Hamburg. Zum Auftakt des internationalen Festivals am Thalia Theater inszeniert dort erstmals der japanische Theatermacher Toshiki Okada.

Es mag auf den ersten Blick seltsam anmuten, ein Theaterstück über ein Gebäck zu entwickeln. Doch bei genauem Hinsehen ergibt es durchaus Sinn. Mit der Uraufführung seines Stückes „Doughnuts“ eröffnet der erstmals am Thalia Theater inszenierende japanische Theatermacher Toshiki Okada an diesem Freitag das diesjährige Thalia-Toleranz-Festival „Um alles in der Welt – Lessingtage 2022“. Das traditionell aufklärerisches Denken feiernde Festival setzt dabei auf ein lebensbejahendes Motto: „Celebration of Life“.

Ein Doughnut ist ein beliebter runder Krapfen mit viel Rand und einem Loch in der Mitte. Deshalb wurde er unlängst auch von Wirtschaftswissenschaftlern entdeckt, die eine Doughnut-Theorie entwickelten.

Theater Hamburg: Okada erzählt seine Geschichte

Der Klimawandel und der Verlust der Artenvielfalt setzen darin Grenzen für den Handlungsspielraum der menschlichen Zivilisation. Die Theorie, die eine Leerstelle in einer Welt erodierender Gewissheiten beschreibt, liefert Theatermacher Toshiki Okada Hintergrund und Anlass, seine Geschichte zu erzählen.

Das Setting von „Doughnuts“ klingt zunächst realistisch. Eine Gruppe Konferenzteilnehmer trifft in einem Hotel aufeinander. Beim gemeinsamen Warten in der Lobby auf ein Taxi zum Tagungsort kommt man ins Gespräch. Bis unvorhergesehene Vorfälle passieren und das Unkontrollierbare Einzug erhält.

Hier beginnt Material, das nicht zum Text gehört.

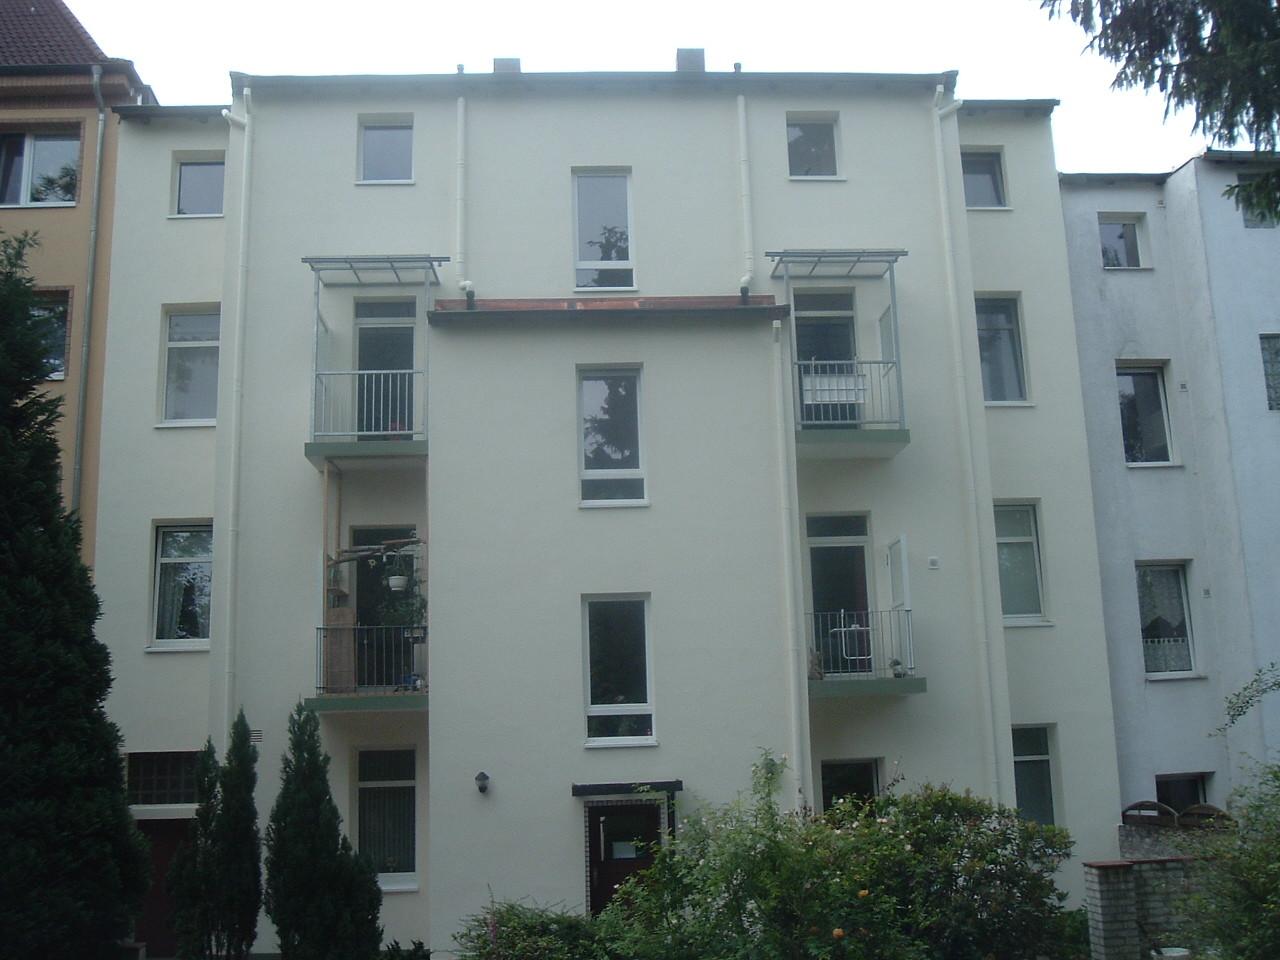 Hinterhof-Fassaden-Wärmedämmung nachher

Toshiki Okada begann in der Freien Szene

Wie viele Theatermacher, die mit neuen Formen experimentieren, begann auch Toshiki Okada in der Freien Szene. Seit Jahren ist er ein Liebling internationaler Festivals und von Produktionsstätten wie Kampnagel in Hamburg. Gemeinsam mit seiner 1997 gegründeten Gruppe Chelfitsch hat er Stücke inszeniert, die er allesamt selbst verfasst hat. Das Schreiben und das Regieführen gehören für ihn untrennbar zusammen.

In seinen Stücken treiben ihn vor allem die Zumutungen der modernen Lebens- und Arbeitswelt um. In Hamburg gastierte er bereits mit seinen Arbeiten „Current Location“ und „Hot Pepper, Air Conditioner, and the Farewell Speech“. Seine Ästhetik zeichnet sich durch eine streng reduzierte Formensprache aus. Häufig führen seine Figuren alltägliche Handlungen in einer scheinbar realistischen Umgebung aus, die sie jedoch in Wiederholungen und Überspitzungen theatral überhöhen.

Theater Hamburg: „Doughnuts“ verändert Perspektive

Dabei transportieren sie mitunter skurrile Inhalte in einer Umgangssprache. „In unserem Alltag gibt es viele körperliche Haltungen, die nicht so natürlich aussehen, die komisch, auffällig oder merkwürdig sind“, sagt Okada. „Diese aus Theaterperspektive zu betrachten, finde ich interessant.“

2015 begann Toshiki Okada eine engere Zusammenarbeit mit den Münchner Kammerspielen, wo das Stück „The Vakuum Cleaner“ entstand, das zum Berliner Theatertreffen 2020 eingeladen wurde. Der Schritt hin zum Stadttheater war damit getan. Der Auftakt bei den Lessingtagen des Thalia Theaters dürfte auch in Hamburg Sehgewohnheiten positiv auf den Kopf stellen – und dabei vielleicht nicht ganz so süßlich ausfallen, wie es der Titel suggeriert.